Chapter :- Arithmetic Progression.​

Answer 1

Answer:

let A = fast term of the AP

and

let d= common difference of the AP

Now A=a+(p-1).d......(1)

B=A+(q-1).d......(2)

C=A+(r-1).d......(3)

Subtracting 2nd from 1st,3rd from 2ndand 1st from 3rd

we get

A-b=(p-q).d......(4)

b-c=(q-r).d........(5)

C-A=(r-p).d......(6)

multiply 4,5,6 by c,a, b respectively we have

C.(a-b)=c.(p-q).d.....(4).

a.(b-c)=a.(q-r).d.......(5)

b.(c-a)=b.(r-p).d.......(6)

A(q-r).d+b(r-p).d+c(p-q).d=0(a(q-r+b(r-p)+c(p-q).d=0

Now since d is common difference it should be non zero

.Hence,

a(q-r)+b(r-p)+c(p-q)=0

(Ans)

Answer 2

Required Answer:-

Given:

• pth, qth and rth terms of an A.P. are l, m and n.

To prove:

• l(q-r) + m(r-p) + n(p-q) = 0

Proof:

We know that,

★ nth term of A.P. = a + (n - 1)d

So,

➡ l = a + (p - 1)d ...... (i)

➡ m = a + (q - 1)d ..... (ii)

➡ n = a + (r - 1)d ...... (iii)

So, Taking LHS,

l(q - r) + m(r - p) + n(p - q)

= (a + (p - 1)d)(q - r) + (a + (q - 1)d)(r - p) + (a + (r - 1)d)(p - q)
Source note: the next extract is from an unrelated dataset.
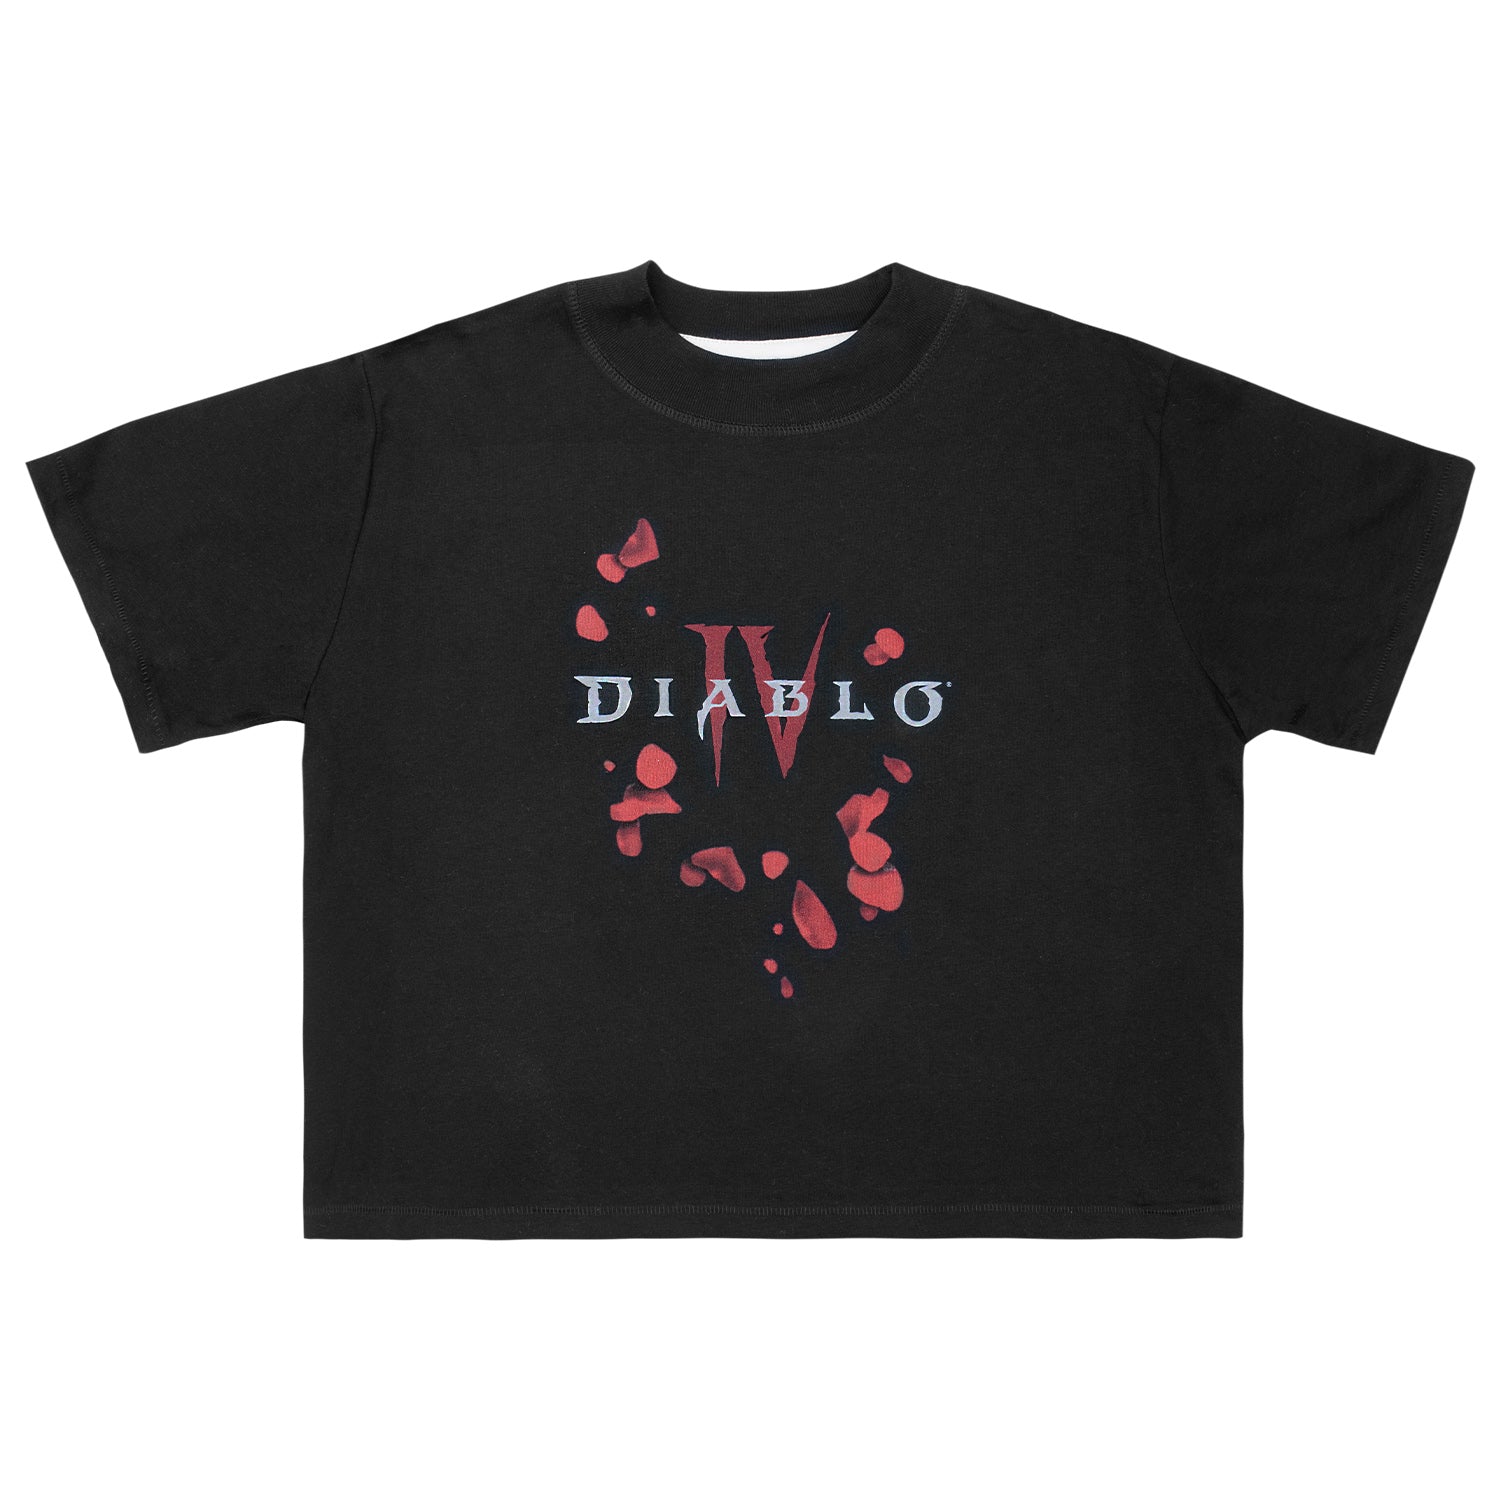 Diablo IV Petals Women's Cropped Black T-Shirt - Front View

= a(q - r) + d(p - 1)(q - r) + a(r - p) + d(q - 1)(r - p) + a(p - q) + d(r - 1)(p - q)

= a[q - r + r - p + p - q] + d[(p - 1)(q - r) + (q - 1)(r - p) + (r - 1)(p - q)]

= a × 0 + d[pq - pr - q + r + qr - pq - r + p + pr - rq - p + q]

= d[pq - pq + pr - pr + rq - rq + p - p + q - q + r - r]

= d[0 + 0 + 0 + 0 + 0 + 0]

= d × 0

= 0

= RHS (Hence Proved)

Learn More:

• A.P.:- Stands for Arithmetic Progression. It is a series where difference between two consecutive term is same (constant)